The producer first signed with Warp at the age of nineteen (“I sent them demo tapes, I was probably one of the last artists to get signed from good old TDK!”). His precocious vision and fuck off attitude seemed to herald a fiery, fiercely individual talent in the mould of fellow Warp man Aphex Twin (Richard James), and soon Clark was cutting 2001’s ‘Clarence Park’, and rapidly sloughing off the Aphex Twin comparisons with its follow up longplayer, 2003’s ‘Empty The Bones Of You’. Numerous EPs and several albums later, and ‘Totem’s Flare’ is his best record in a career that has allowed him to take numerous risks without once compromising a unique vision. Clark believes that Warp Records have been instrumental in this regard.

“They don’t expect you to compromise anything,” he reflects. “I really like the fact that they leave you to do stuff.
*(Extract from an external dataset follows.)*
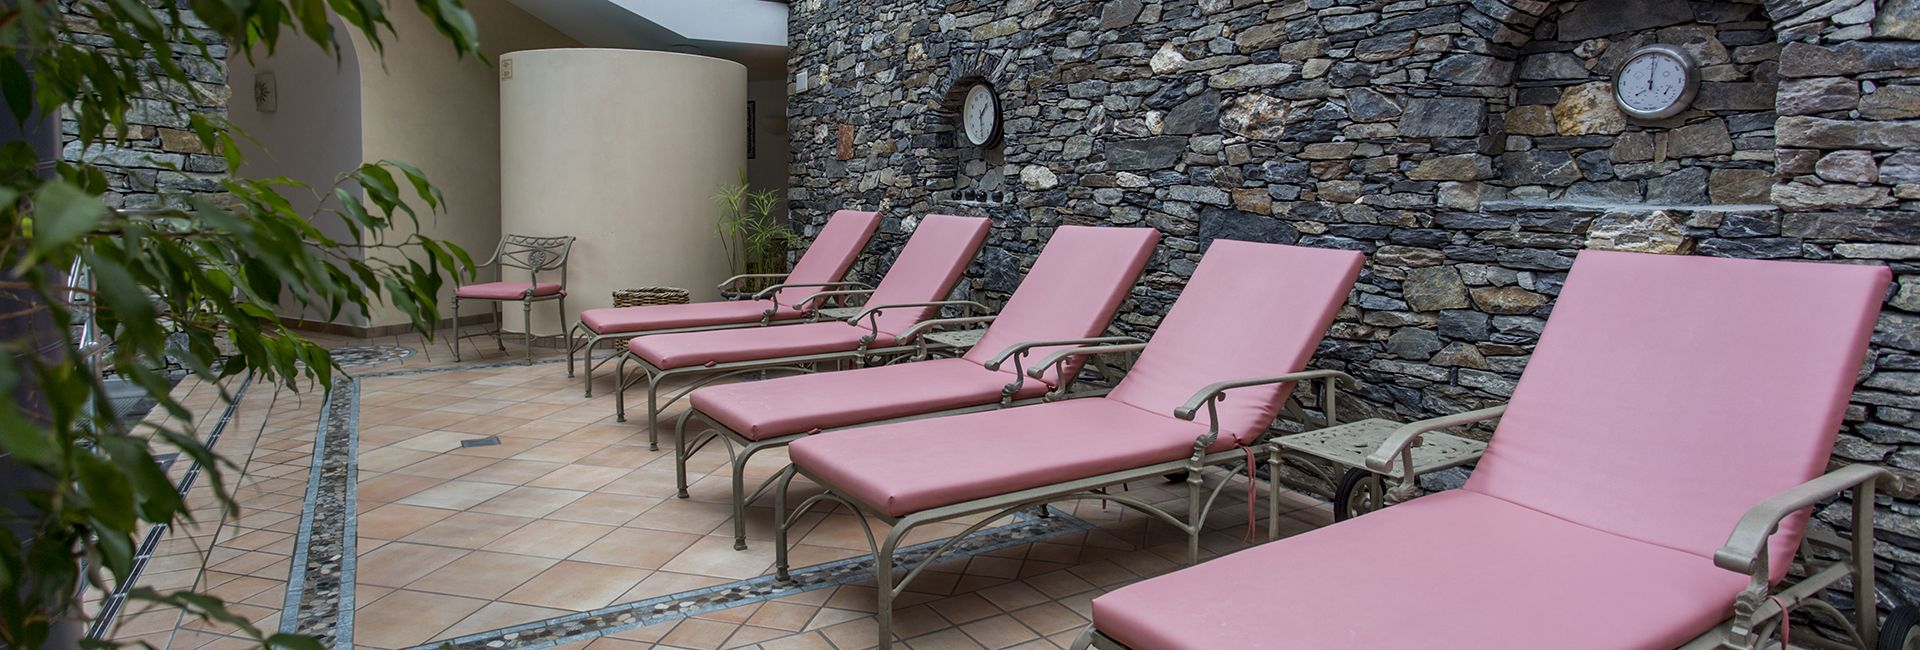 Hotel Cresta Wellness

That’s a typical Warp thing, to leave it to the artists to perfect it themselves. They’ll try to suggest a few things but they generally don’t expect you to compromise on things and I think that’s quite rare.”

With the new album in the bag, Clark is already conjuring new EPs with remixes and extra tracks, and then taking a holiday before embarking on a swathe of new material. Our advice is to embrace the fear and follow the flare.